Welcome to Manglish documentation!¶
malaysian-manglish-nlp is a comprehensive Natural-Language-Processing toolkit for Malaysian Manglish - the code-switching mix of Malay, English, and local slang spoken by millions of Malaysians online.
It provides 54 modules covering sentiment analysis, named entity recognition, translation, normalisation, text generation, graph analysis, and more. Zero external dependencies for core modules.
HuggingFace¶
| Link | |
|---|---|
| Model | vexccz/manglish-nlp-sentiment - XLM-Roberta multi-task (sentiment 98.0%, emotion 96.5%, intent 99.3%) |
| Dataset | vexccz/manglish-nlp-dataset - 28,263 labeled Manglish examples |
| Demo | vexccz/manglish-nlp-demo - Gradio interactive demo (7 tabs) |
Documentation¶
Proper documentation is available at https://manglish-nlp.readthedocs.io/en/latest/
Installing from PyPI¶
Only Python >= 3.8.0 is required.
Extras¶
pip install malaysian-manglish-nlp[transformers] # HuggingFace models
pip install malaysian-manglish-nlp[embeddings] # Word2Vec / FastText
pip install malaysian-manglish-nlp[api] # FastAPI REST server
pip install malaysian-manglish-nlp[all] # Everything
Development Release¶
Install from master branch:
Pretrained Models¶
malaysian-manglish-nlp ships with pretrained Malaysian models. See Pretrained Models.

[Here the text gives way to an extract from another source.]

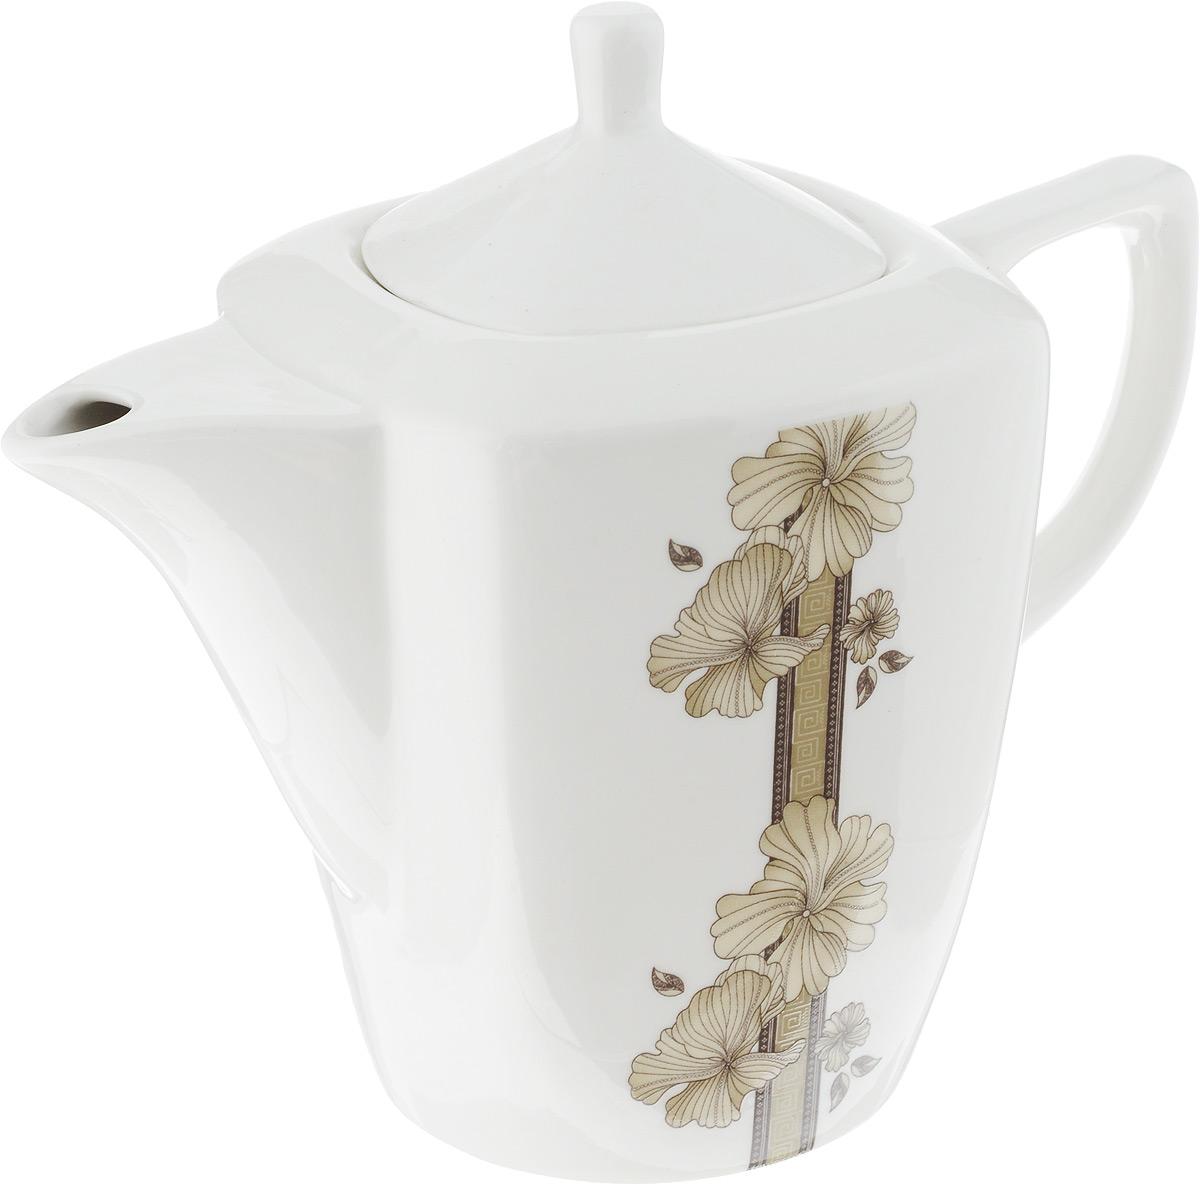 Чайник заварочный София, 1,1 л54 009312Заварочный чайник София изготовлен из высококачественного фарфора. Глазурованное покрытие обеспечивает легкую очистку. Изделие прекрасно подходит для заваривания вкусного и ароматного чая, а также травяных настоев. Оригинальный дизайн сделает чайник настоящим украшением стола. Он удобен в использовании и понравится каждому.Можно мыть в посудомоечной машине и использовать в микроволновой печи. Диаметр чайника (по верхнему краю): 7 см. Высота чайника (без учета крышки): 14 см. Высота чайника (с учетом крышки): 19 см.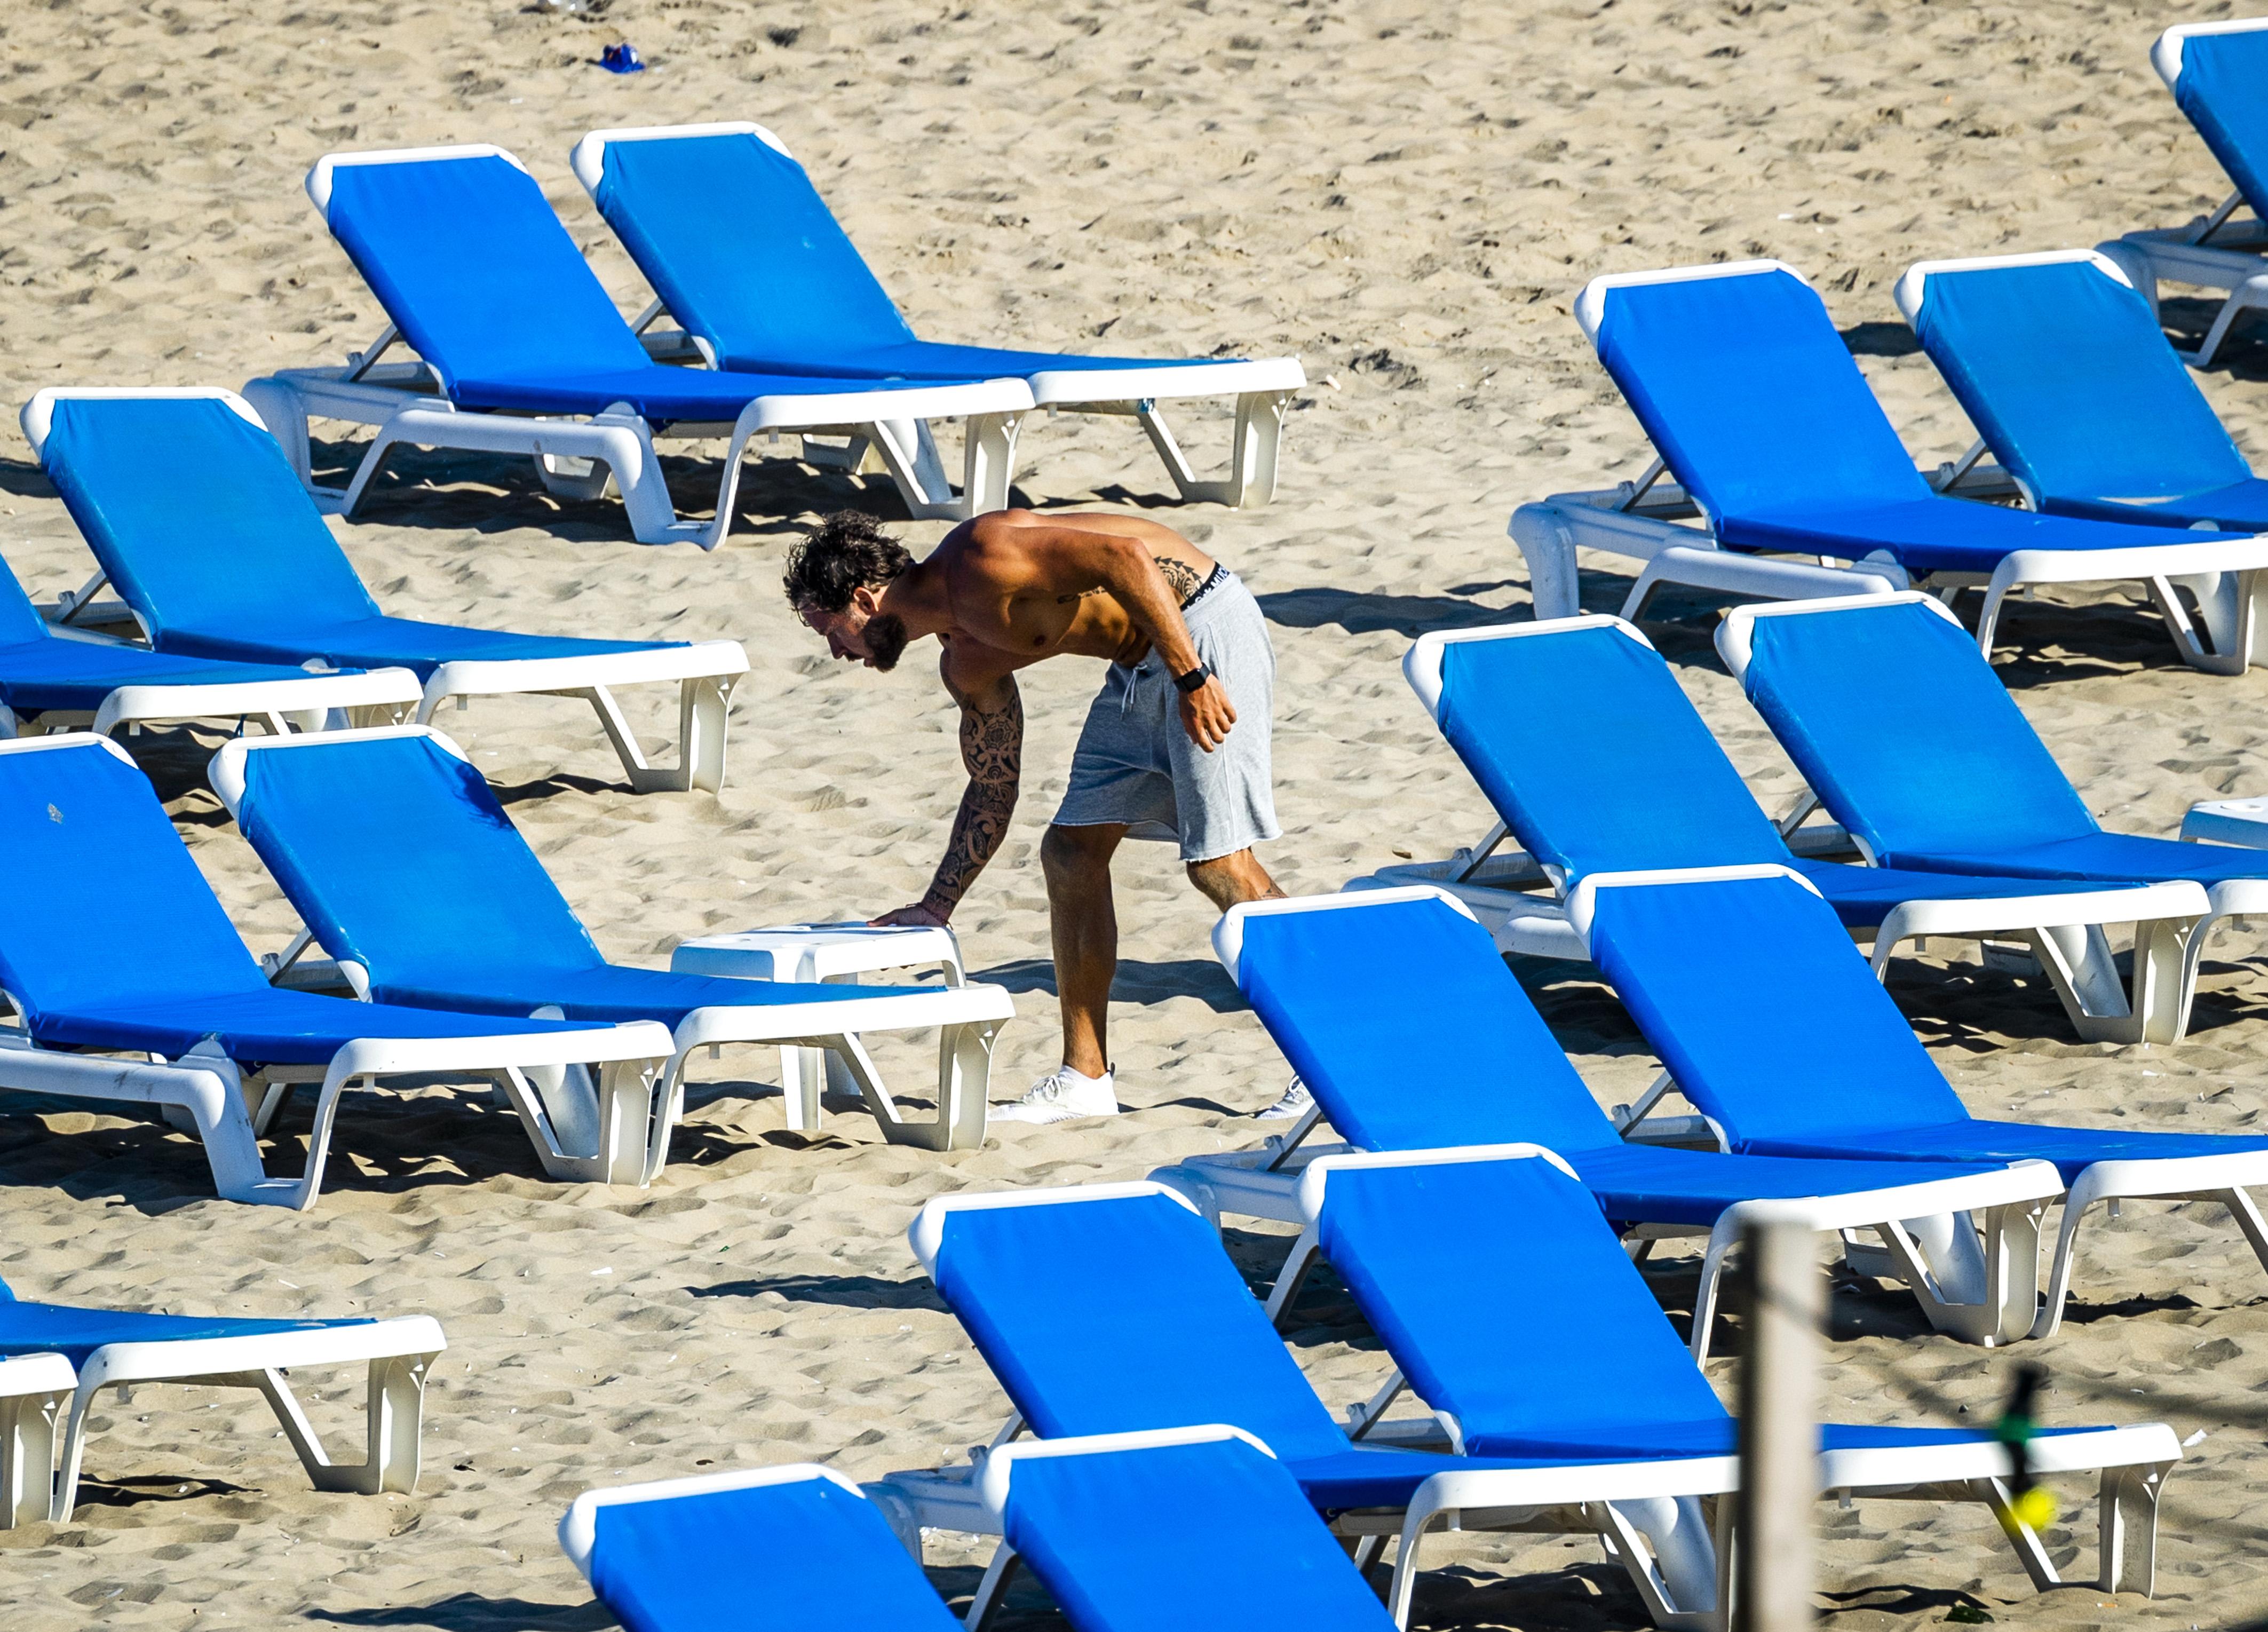 Een foto van lege strandbedjes op het strand bij Zandvoort

| Model | Type | Details |
|---|---|---|
manglish-word2vec |
Word Embedding | 100-dim, 518 vocab, trained on 50k+ tweets |
manglish-fasttext |
Word Embedding | 100-dim, 518 vocab, trained on 50k+ tweets |
manglish-finetuned v3.2.0 |
Multi-Task Classifier | XLM-Roberta, sentiment 95.0% / emotion 90.3% / intent 97.5% (14,384 examples) |
manglish-finetuned v3.3.0 |
Multi-Task Classifier | XLM-Roberta, sentiment 98.0% / emotion 96.5% / intent 99.3% (28,263 examples) |
Datasets¶
Training data is bundled with the package. See Datasets.
- Multi-task: 28,263 labeled examples (sentiment + emotion + intent) - HuggingFace
- Normalisation: 638+ slang to standard mappings
- NER: 2,250+ annotated sentences (11 entity types)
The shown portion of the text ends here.